Week 6 questions

  1. I thought this workout was very intense. It was the first one that really had me sweating and out of breath. The first couple of times I could not complete the workout without stopping at least once, but by the third time through I got the hang of it and I made it through the whole thing.
  2. Since we are on lock down at this time, it is much easier to find the time to workout during the day. I try and do it on the same days I would if I were in school to keep a routine going.
  3. A warm up is important in order to prevent injury. Since you are going to be using major muscle groups to work out, it is important that you warm up the body. A good warm up is something that gets your heart rate up but does not over exert the body.
  4. I noticed that, since the beginning of this class, I have been getting stronger (because of all the chair dips and push-ups). I also noticed that I can hold a plank for longer than I used to before. I do not know if I am losing weight but I do feel like I am building muscle mass.
  5. Regular exercise boosts the HDL cholesterol, which is good for you, and decreases the triglycerides, which is the bad cholesterol. This means there is a decrease in heart diseases and strokes. Daily exercise also decreases blood pressure. Thirdly, it can decreases glucose levels, which, in turn, decreases your likelihood of getting diabetes. Lastly, paired with nutrition, daily exercise can control weight loss and weight gain, which can prevent obesity.

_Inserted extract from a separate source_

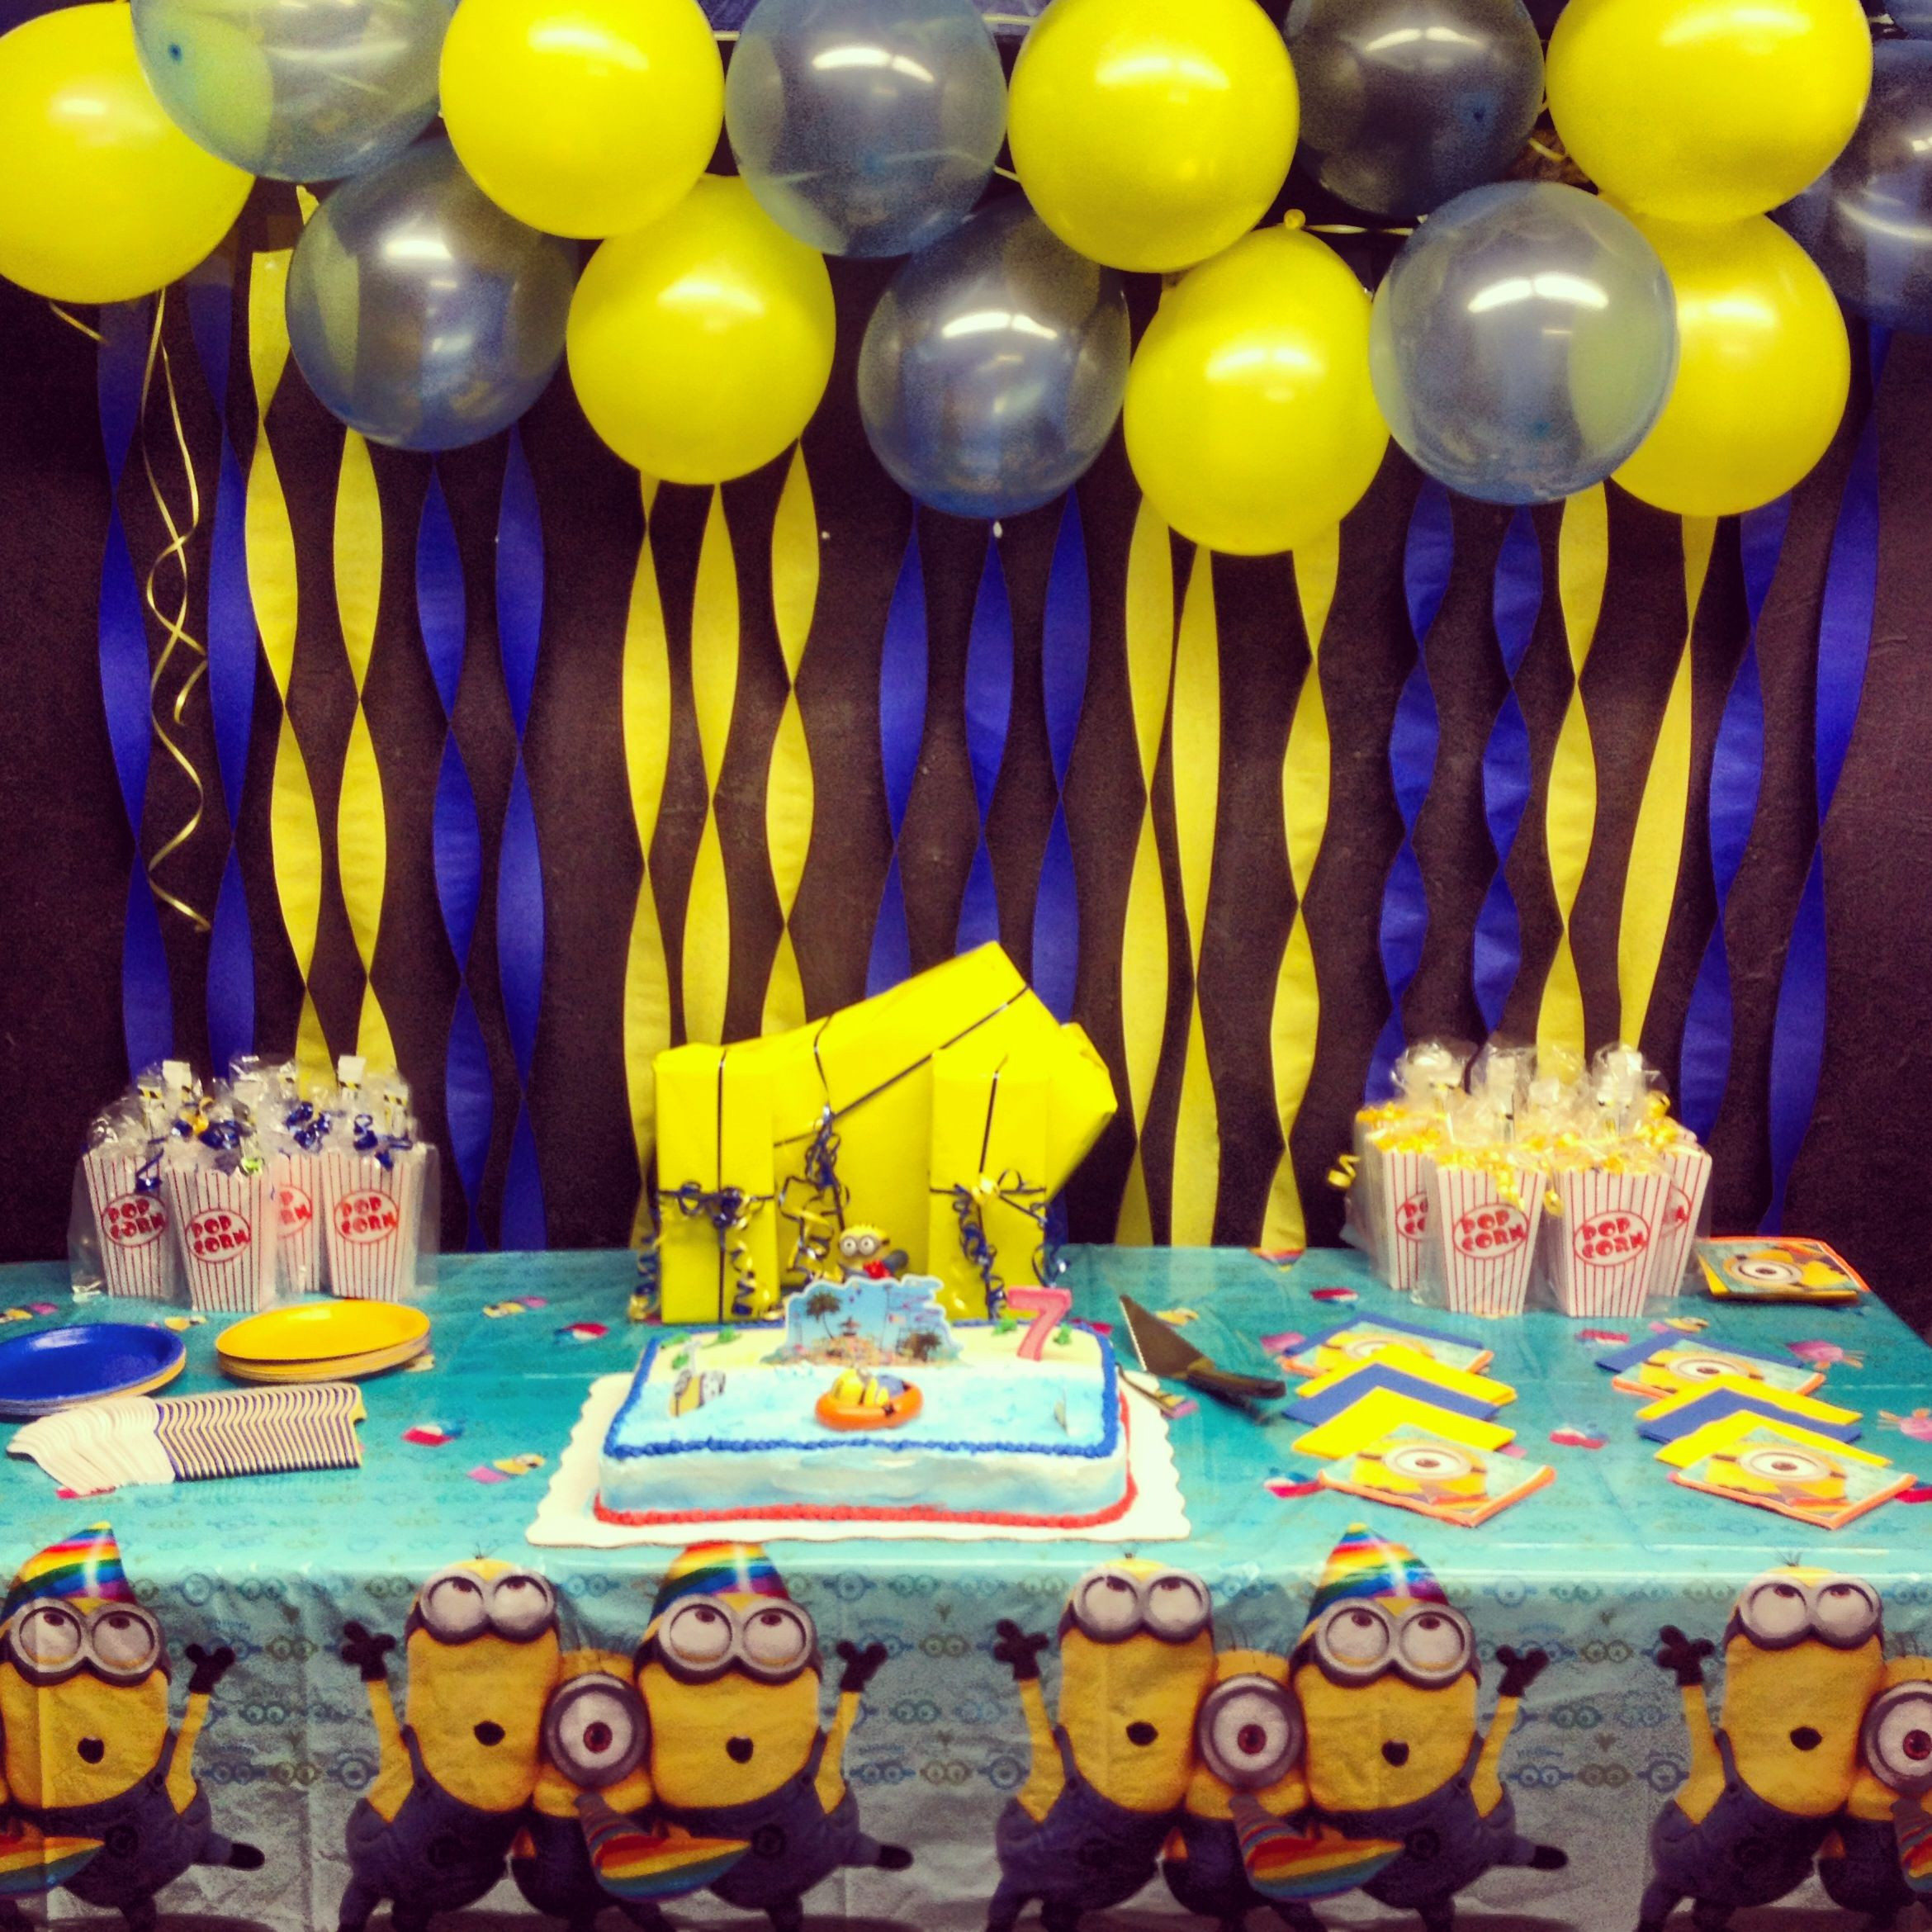 Minions Birthday Party Decorations
 Minion party on Pinterest

  6. Daily exercise can improve mood, decreases stress and helps with stress management, can improve self-esteem, and increases satisfaction in physical accomplishments.
  7. muscle conditioning helps with body composition because it decreases fat, increases the amount of calories used, and increases muscle mass.
  8. 3 stretches to improve posture are active child’s pose, standing forward fold, and downward facing dog.